:: Problem statement ::
Take the entries below and reproduce exactly the portion that begins at the line containing "Une rue pavée" and ends at the line containing "Το γαλλικό πλοίο", keeping both ends, dropping pictures, and adding nothing else.
━━ Given records ━━
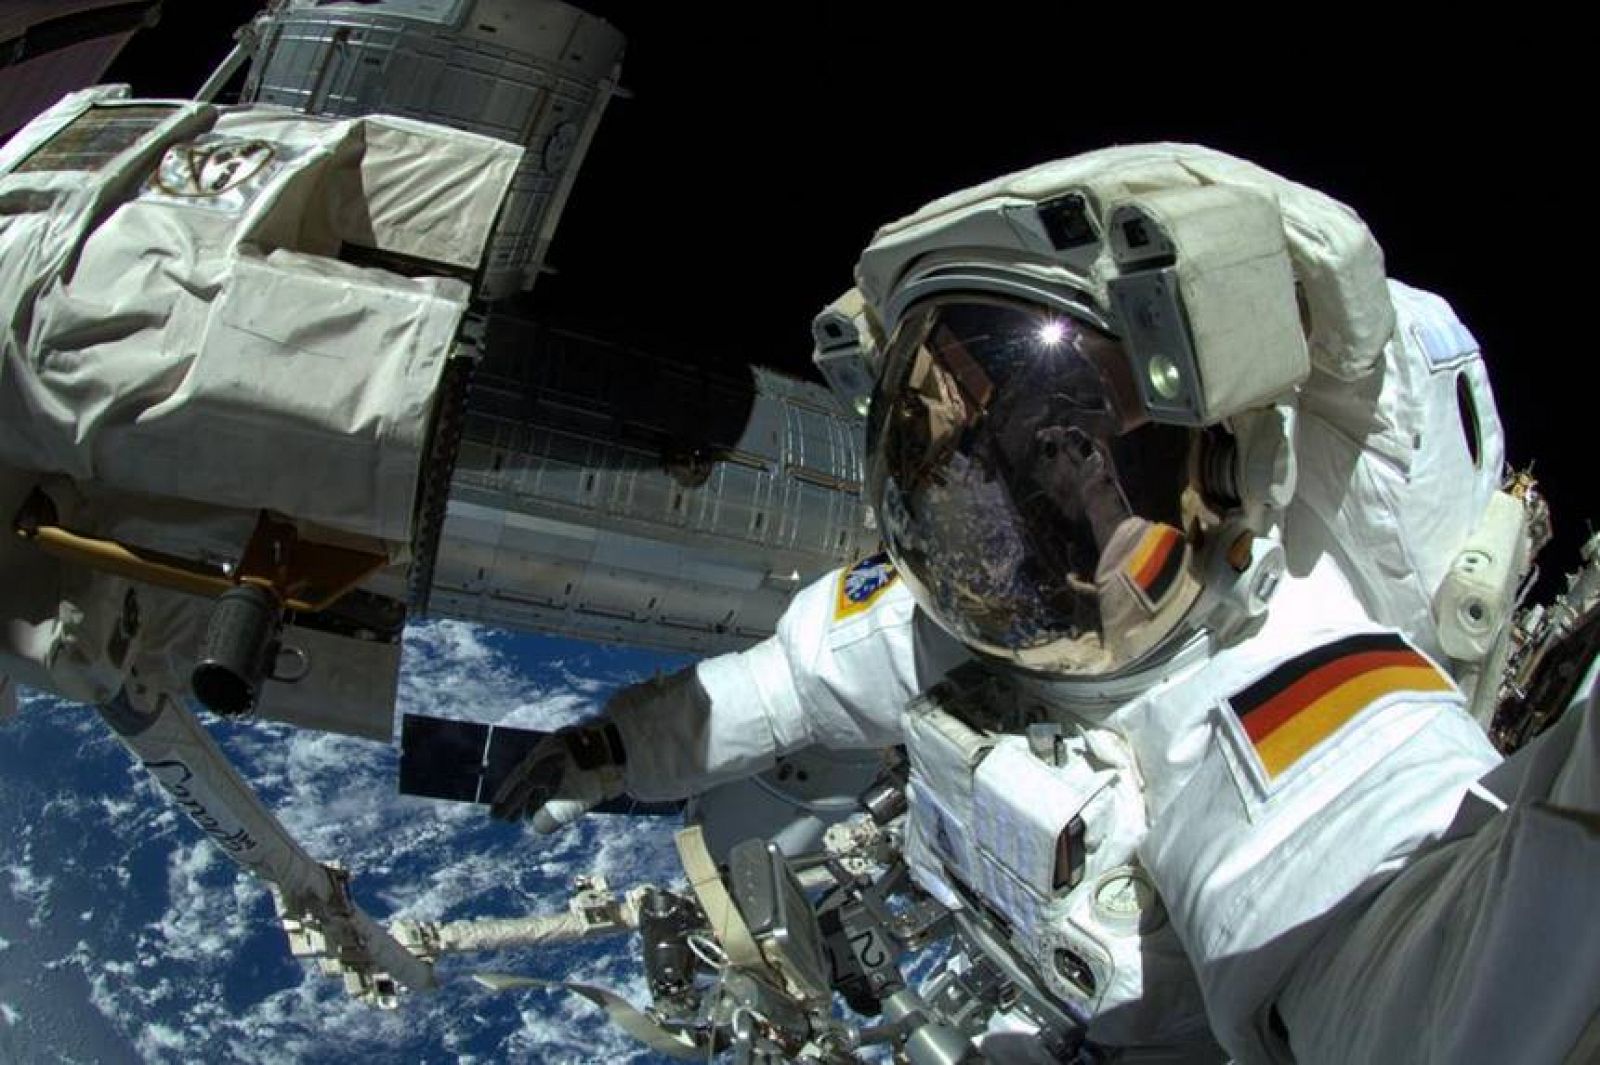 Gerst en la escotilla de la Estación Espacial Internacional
━━━
━━ Given records ━━
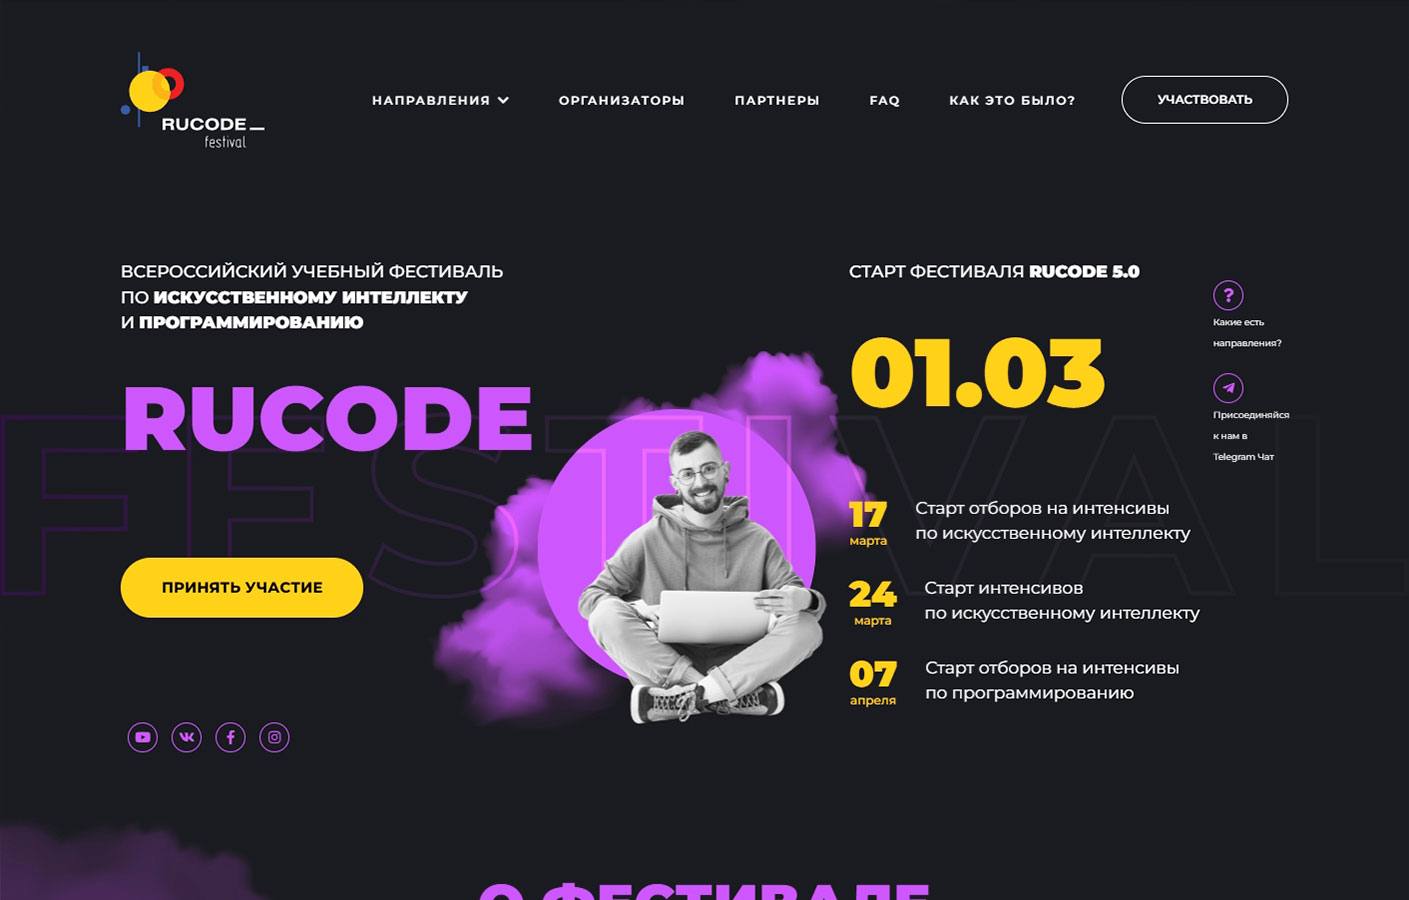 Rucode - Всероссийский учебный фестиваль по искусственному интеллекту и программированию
━━━
━━ Given records ━━
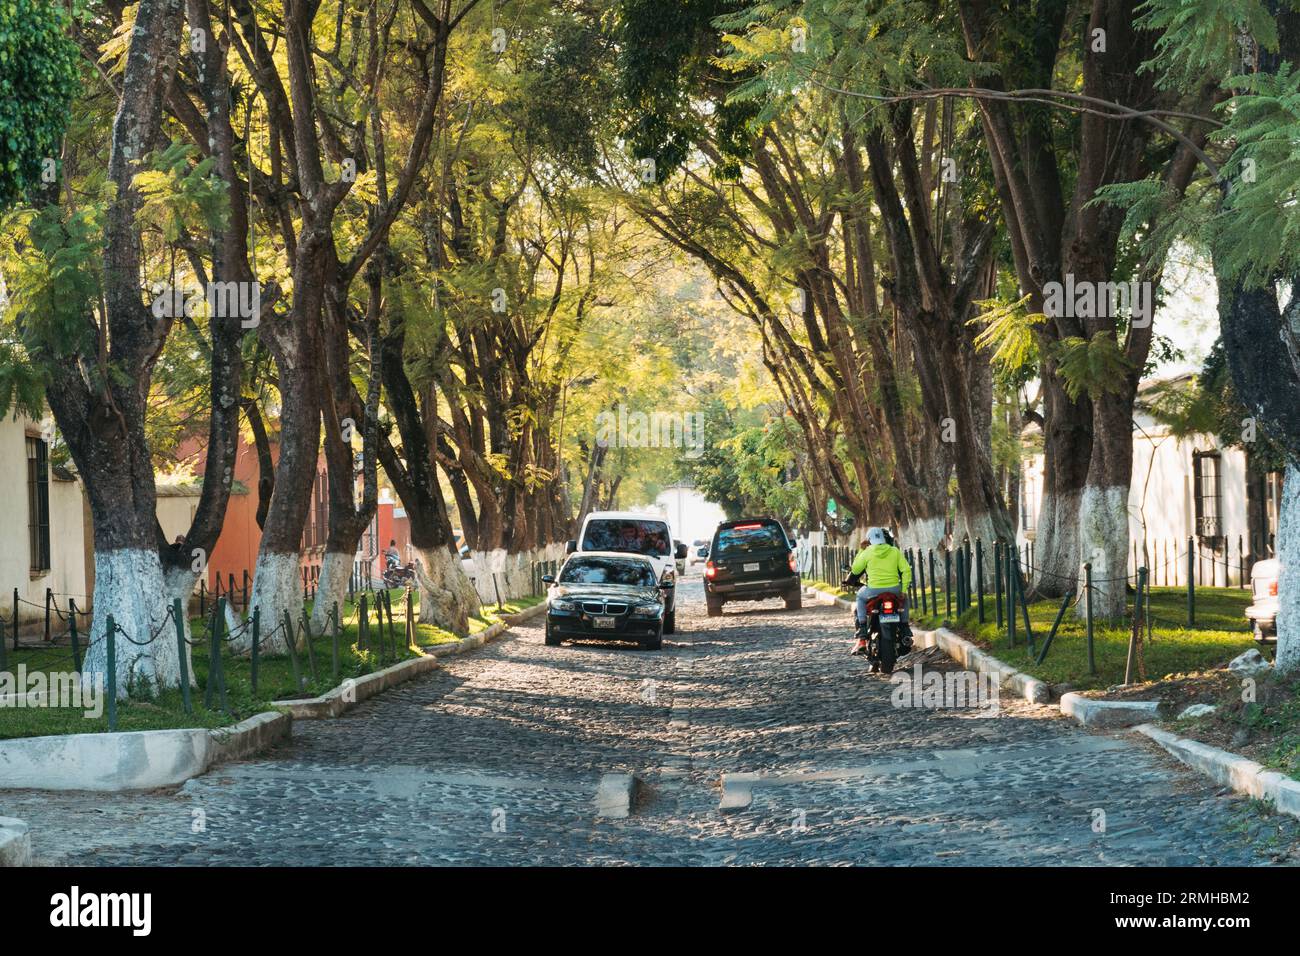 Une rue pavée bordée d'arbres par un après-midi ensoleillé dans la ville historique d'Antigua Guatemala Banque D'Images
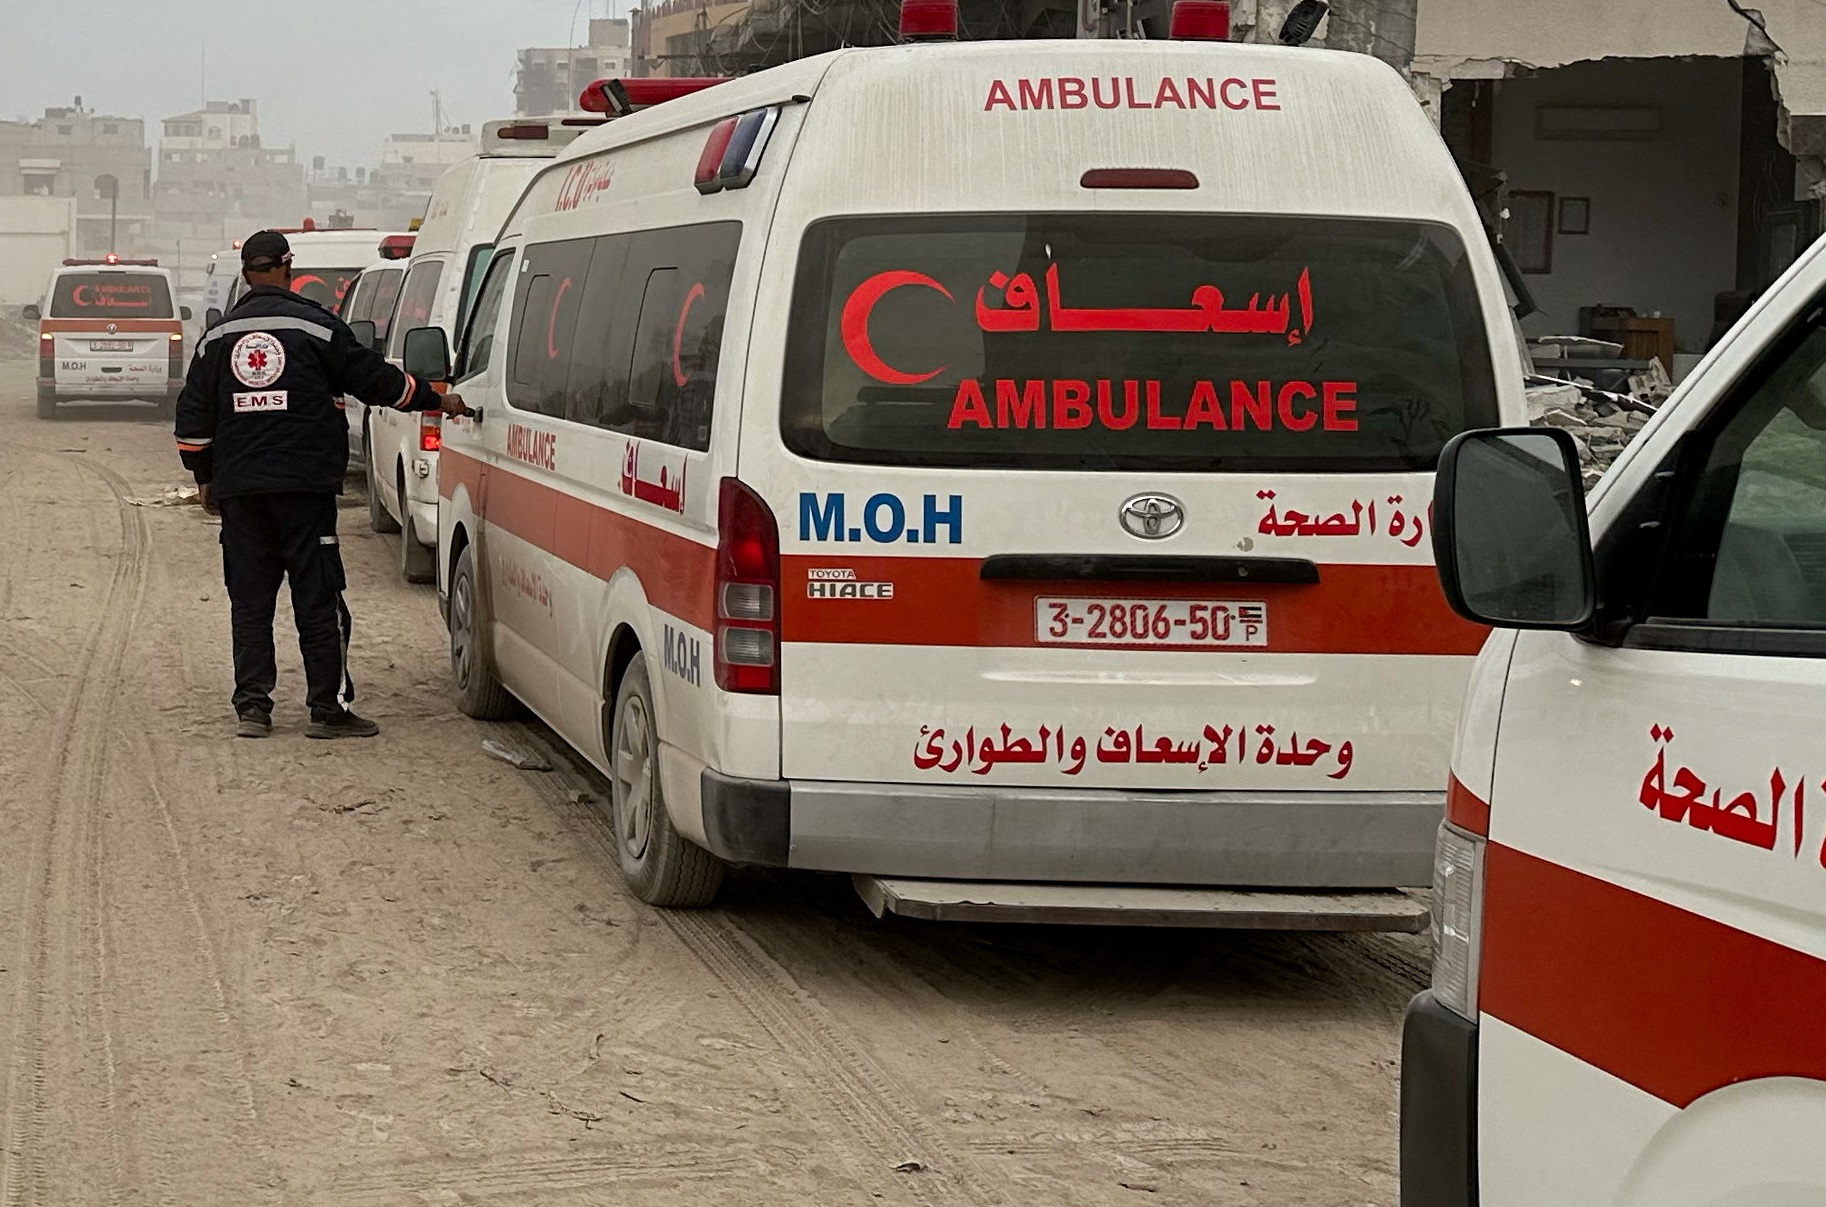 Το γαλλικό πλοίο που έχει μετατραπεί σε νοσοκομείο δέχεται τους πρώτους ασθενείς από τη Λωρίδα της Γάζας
━━━
:: Exercise answer ::
 Une rue pavée bordée d'arbres par un après-midi ensoleillé dans la ville historique d'Antigua Guatemala Banque D'Images
 Το γαλλικό πλοίο που έχει μετατραπεί σε νοσοκομείο δέχεται τους πρώτους ασθενείς από τη Λωρίδα της Γάζας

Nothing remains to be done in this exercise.